If the visual map shows that the malicious process is connected to a particular service, then the processes shown in the visual map as belonging to that service may be affected by the malicious process. Suppose that the visual map shows that the malicious process is connected to a number of services, including the billing service and a backup service for backing up non-personal or non-proprietary data. Since the importance of securing the billing service of the organization is far greater than securing the backup service, the IT administrator may be alerted and informed about the impact caused by the billing service at a higher priority. Different security incident reports, one corresponding to the billing service, and one corresponding to the backup service, may also be generated based on the information about the affected services, such as the processes in the services, the number of nodes or computers associated with the services, the number of databases associated with the services, whether data is read or written to the computers or databases, and the like.
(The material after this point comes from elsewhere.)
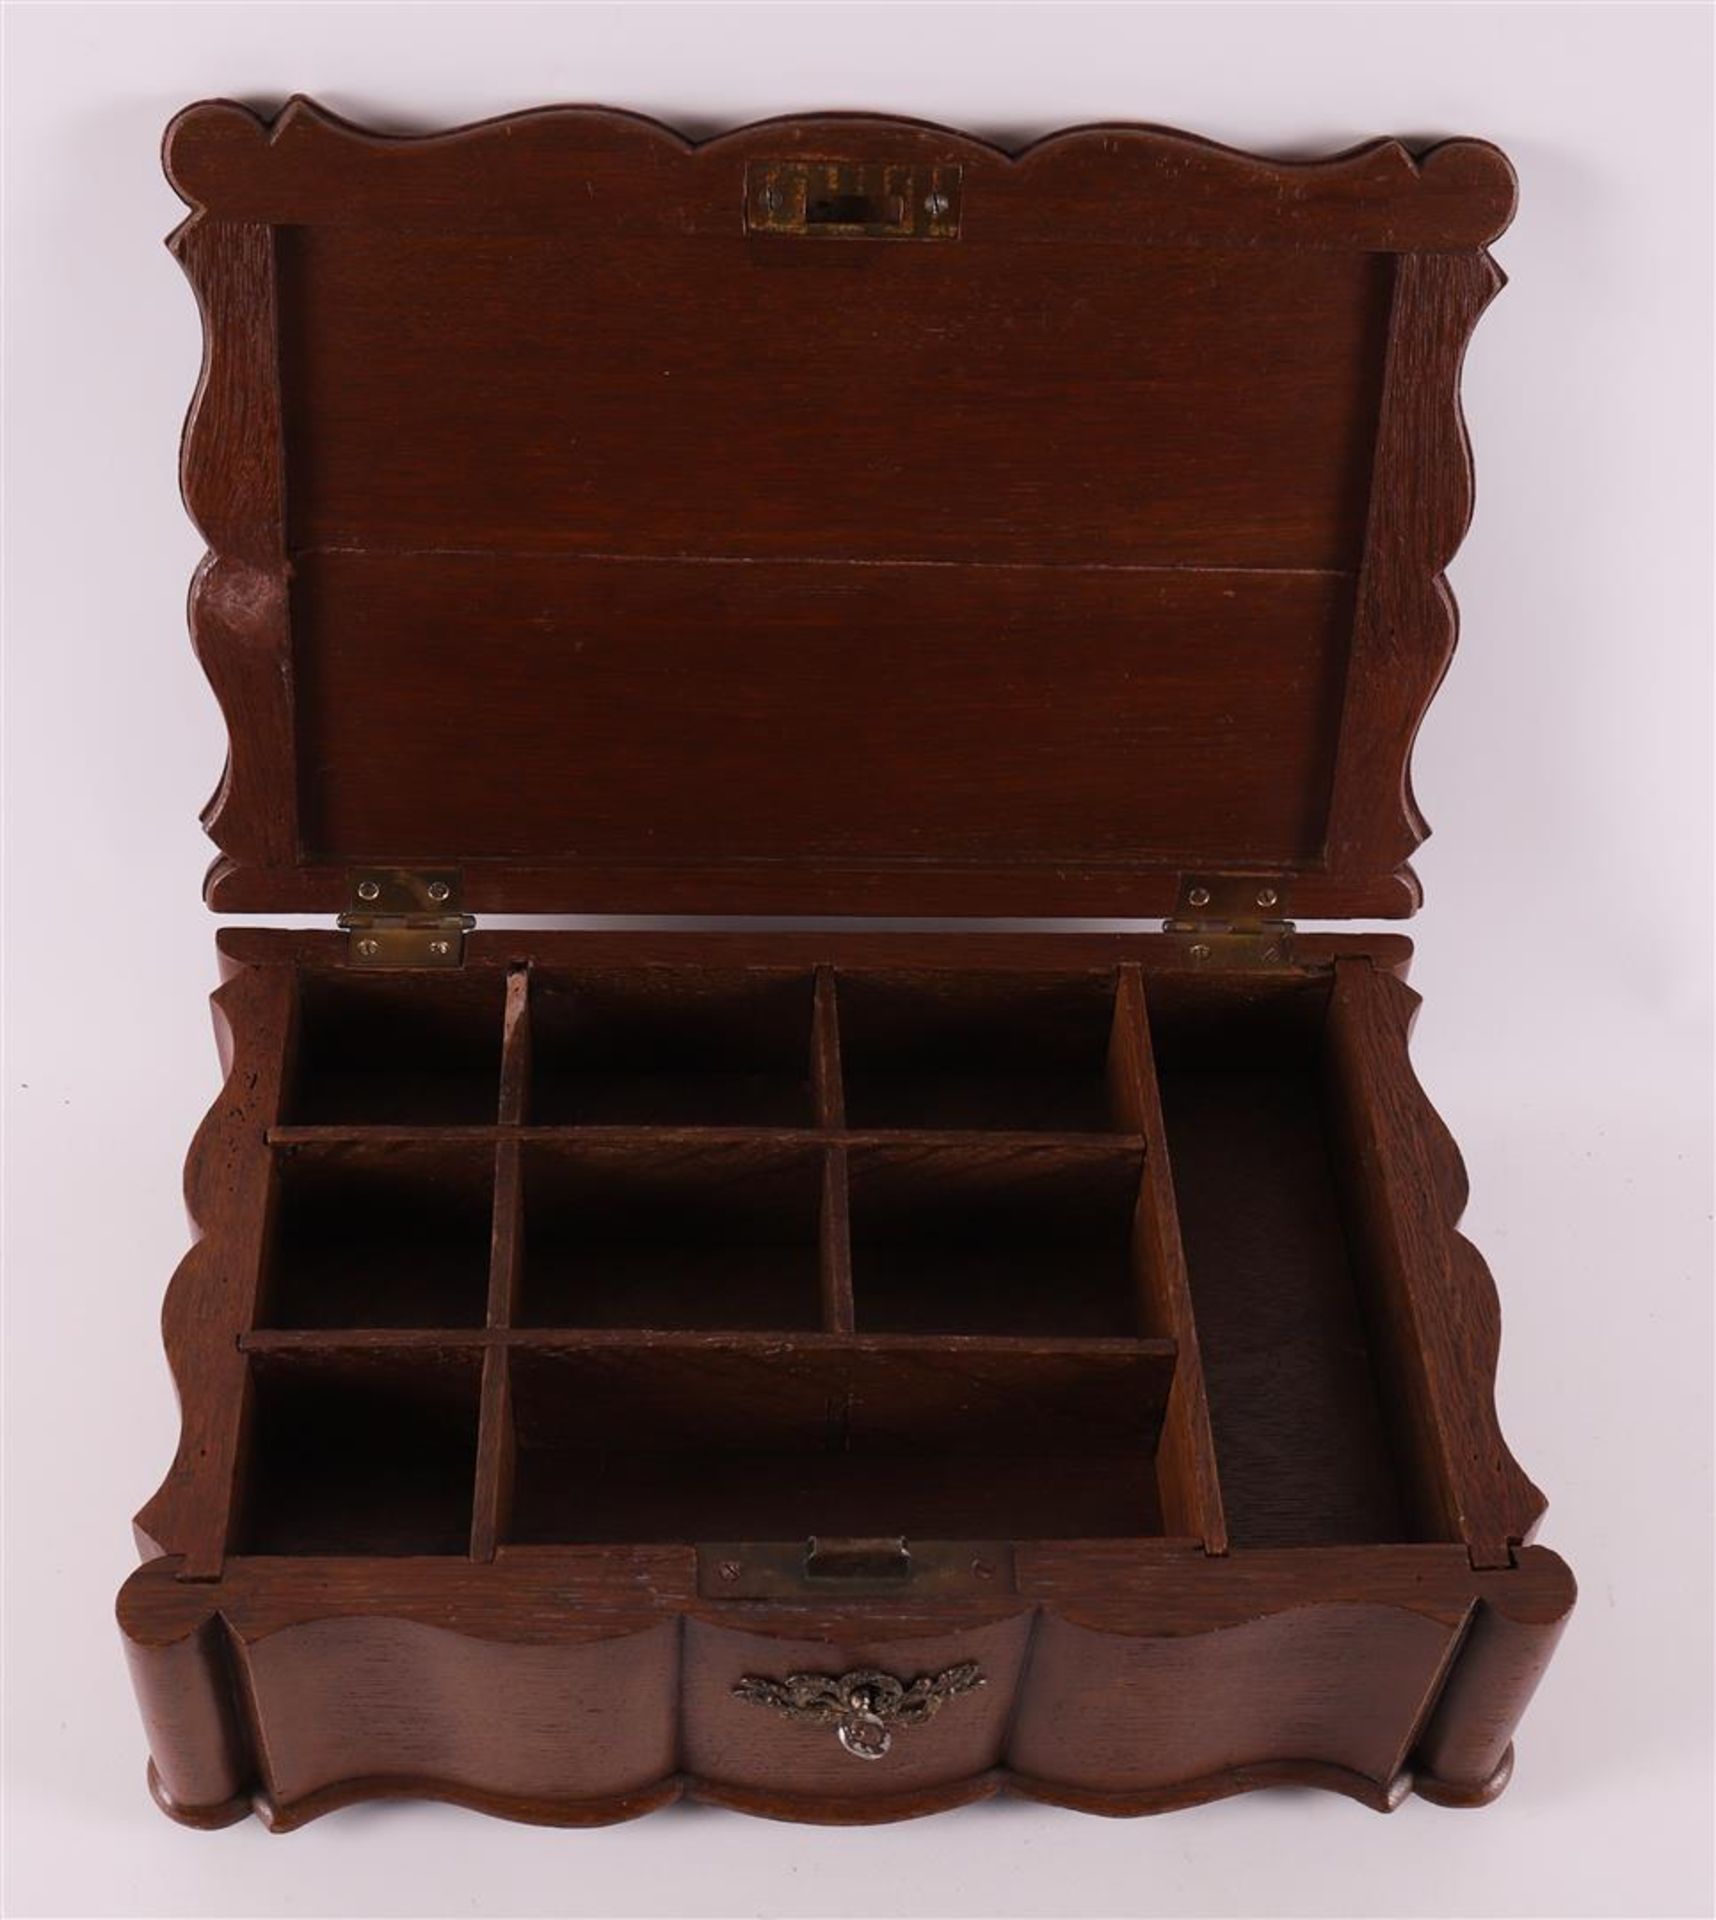 An organ-curved oak document box, 18th century. - Image 2 of 5

At 909, an indication of one or more suggested actions in response to the detected anomalous process is automatically provided based on at least a portion of the one or more other related processes affected by the anomalous process. Because the IT administrator is informed of the level of impact of the anomalous process and its impact on the one or more other related processes, the IT administrator will be able to select an appropriate action in response.
FIG. 13 is a diagram illustrating an embodiment of a user interface 1300 for viewing a malicious process. In the example shown, user interface 1300 is part of a user interface for a malware discovery and management service running on an application server such as application server 101 of FIG. 1 . In various embodiments, user interface 1300 is accessible using a network client application such as a web browser or another client application by users, such as IT administrators. In some embodiments, user interface 1300 displays the results of the malware discovery and management service performed using the process of FIG. 9 on an information technology network environment such as customer network environment 111 of FIG. 1 . In some embodiments, the functionality described related to the process of FIG. 9 is accessible from user interface 1300.
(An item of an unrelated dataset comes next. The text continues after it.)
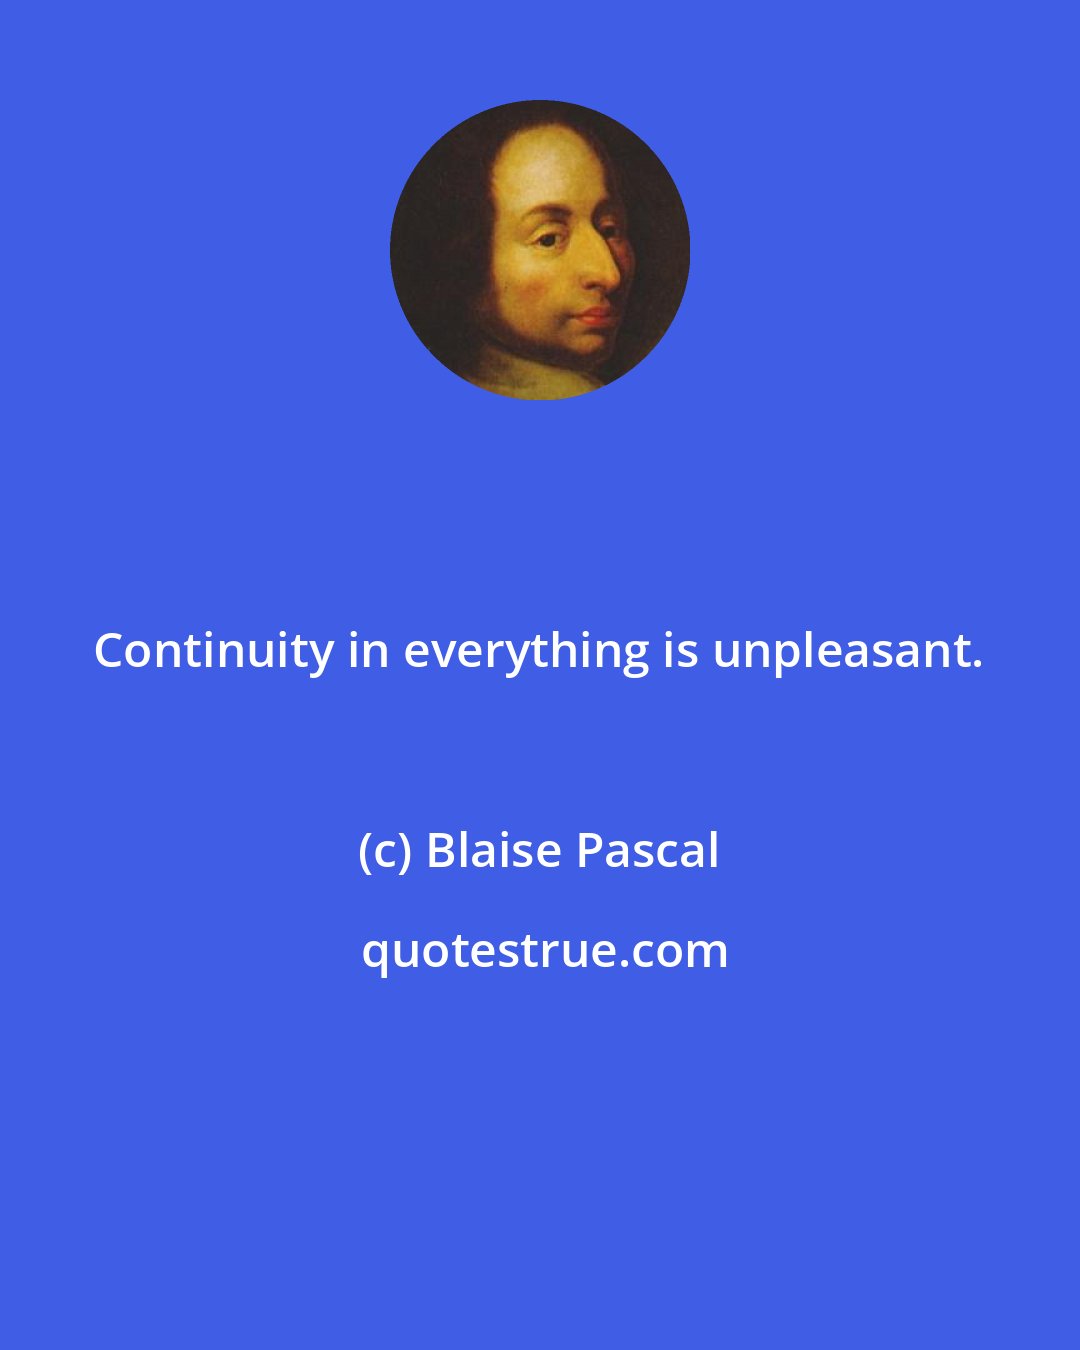 Blaise Pascal: Continuity in everything is unpleasant.

In the example shown, user interface 1300 displays a malicious process TJEnder.exe with the process name of TJEnder. TJEnder.exe is a trojan that is able to monitor applications and record keyboard and mouse inputs. The process count is 2. The process is indicated as malicious with the item “isMalicious” checked. In the example shown, user interface 1300 allows the user to apply two actions, a “kill processes” action and an “open change request” action.
The “kill processes” action corresponds to button 1301 of user interface 1300. When the “kill processes” button is invoked by the IT administrator, the malicious process TJEnder is terminated or killed to immediately reduce the impact of the malicious process from spreading to other processes or services. The advantage is that it provides the IT administrator with more time to investigate further and take further actions.
The “open change request” action corresponds to button 1302 of user interface 1300. When the “open change request” button is invoked by the IT administrator, it allows the IT administrator to open a change request for the IT team to handle the malicious process, including further determining why the process is malicious or how much the impact is of the malicious process. The IT administrator may run a flow to uninstall the malicious process or any affected services.
FIG. 14 is a functional diagram illustrating a programmed computer system for performing the automatic discovery of services. As will be apparent, other computer system architectures and configurations can be utilized for order-preserving obfuscation of a protected dataset and/or performing comparison queries on the obfuscated data. Examples of computer system 1400 include one or more computers of application server 101 of FIG. 1 , one or more computers of database 103 of FIG. 1 , internal server 107 of FIG. 1 , and devices 113, 115, 117, and 119 of FIG. 1 . Computer system 1400, which includes various subsystems as described below, includes at least one microprocessor subsystem (also referred to as a processor or a central processing unit (CPU)) 1402. For example, processor 1402 can be implemented by a single-chip processor or by multiple processors. In some embodiments, processor 1402 is a general purpose digital processor that controls the operation of the computer system 1400. Using instructions retrieved from memory 1410, the processor 1402 controls the reception and manipulation of input data, and the output and display of data on output devices (e.g., display 1418). In various embodiments, one or more instances of computer system 1400 can be used to implement at least portions of the processes of FIGS. 2-6 and 9-10 .
Processor 1402 is coupled bi-directionally with memory 1410, which can include a first primary storage, typically a random access memory (RAM), and a second primary storage area, typically a read-only memory (ROM). As is well known in the art, primary storage can be used as a general storage area and as scratch-pad memory, and can also be used to store input data and processed data. Primary storage can also store programming instructions and data, in the form of data objects and text objects, in addition to other data and instructions for processes operating on processor 1402. Also as is well known in the art, primary storage typically includes basic operating instructions, program code, data and objects used by the processor 1402 to perform its functions (e.g., programmed instructions). For example, memory 1410 can include any suitable computer-readable storage media, described below, depending on whether, for example, data access needs to be bi-directional or unidirectional. For example, processor 1402 can also directly and very rapidly retrieve and store frequently needed data in a cache memory (not shown).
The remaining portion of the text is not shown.